- **Given information**
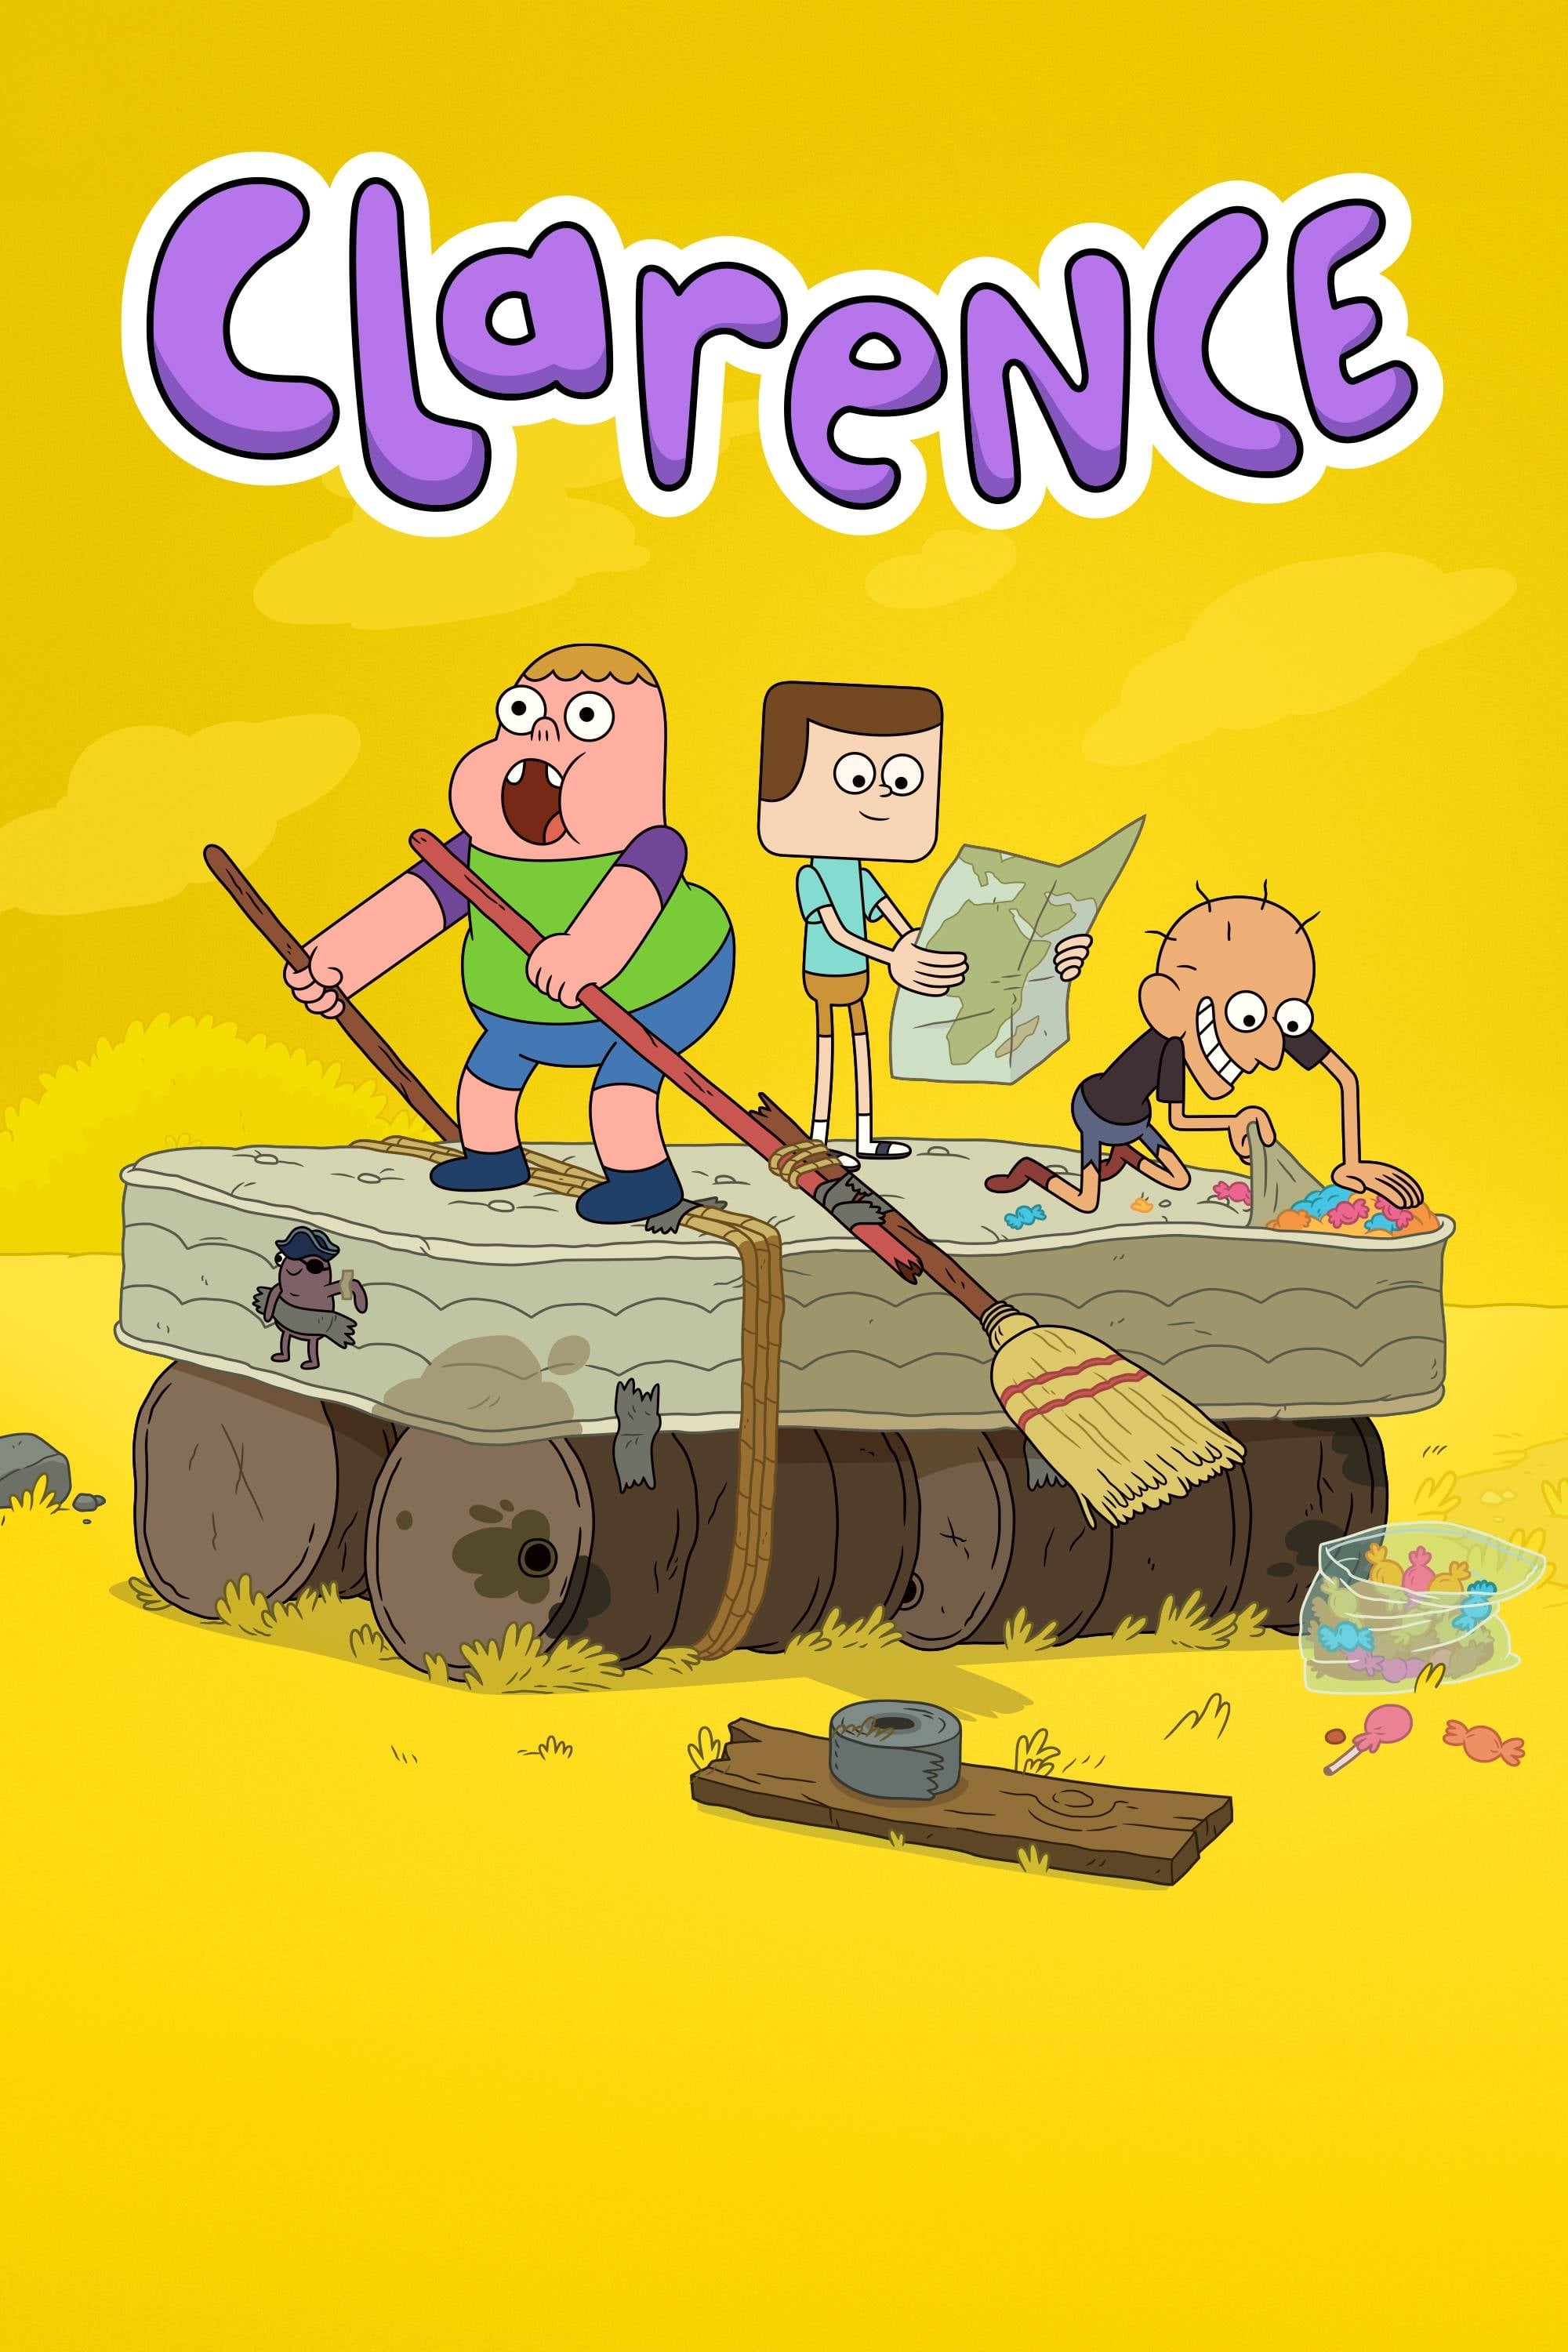 KaBOOM! & Cartoon Network's 'Clarence' to be released June 10th
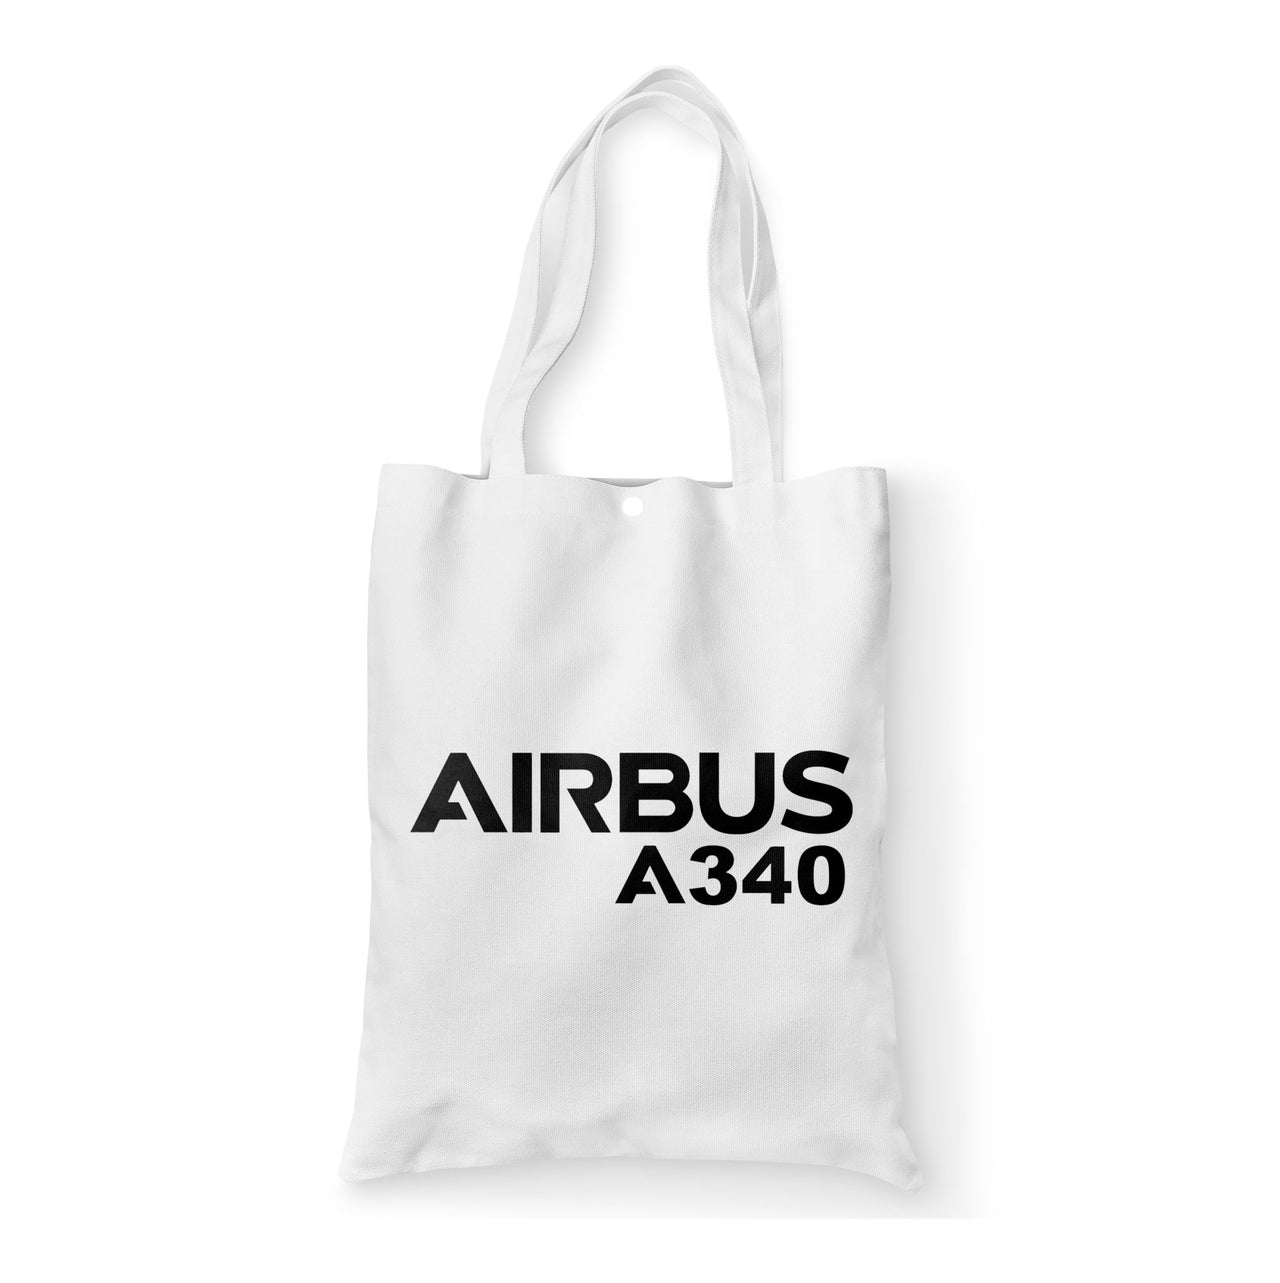 Airbus A340 & Text Designed Tote Bags
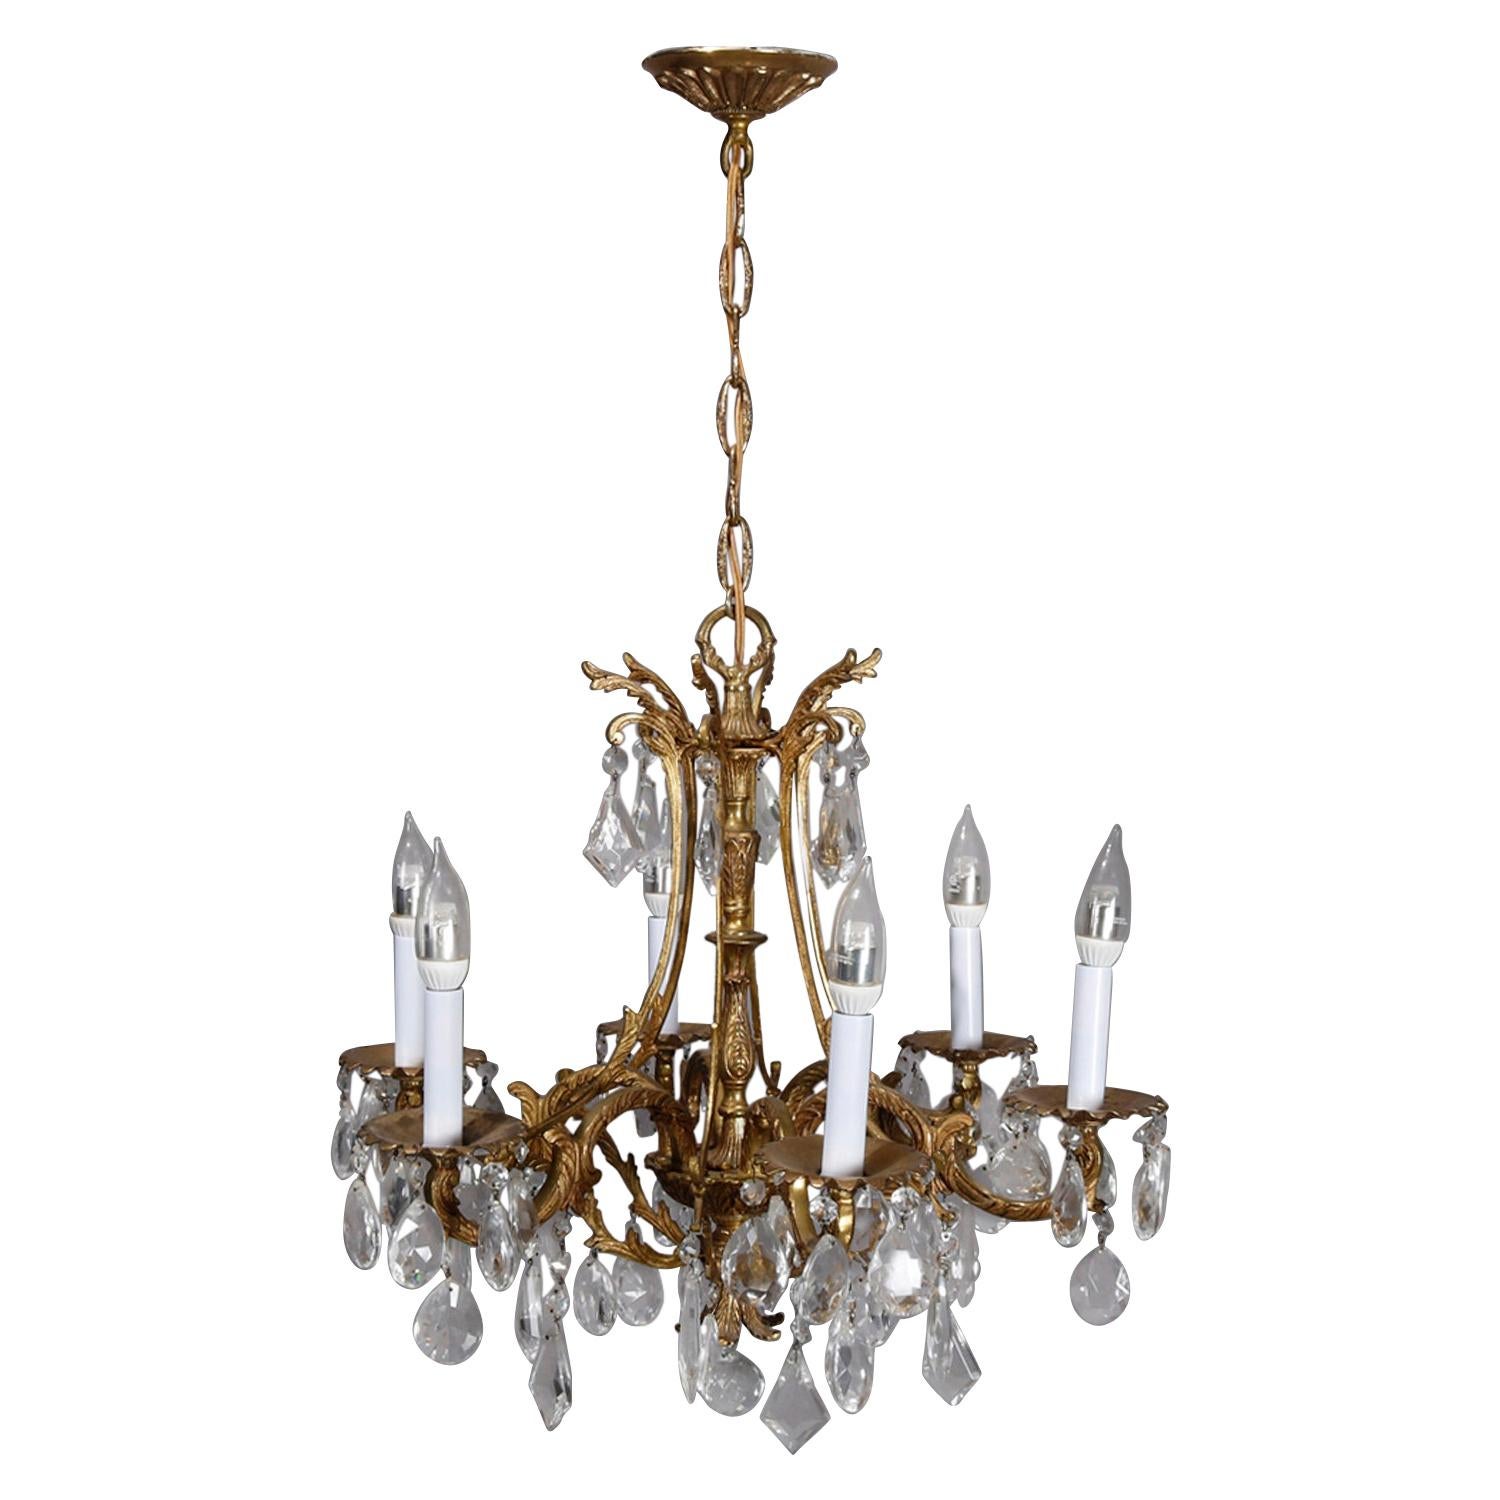 Vintage French Louis XIV Style Gilt Bronze and Crystal Chandelier, 20th Century

- **What you are asked to do**
Every word of the material, and none of its pictures, should be set down again.

- **Task output**
 KaBOOM! & Cartoon Network's 'Clarence' to be released June 10th
 Airbus A340 & Text Designed Tote Bags
 Vintage French Louis XIV Style Gilt Bronze and Crystal Chandelier, 20th Century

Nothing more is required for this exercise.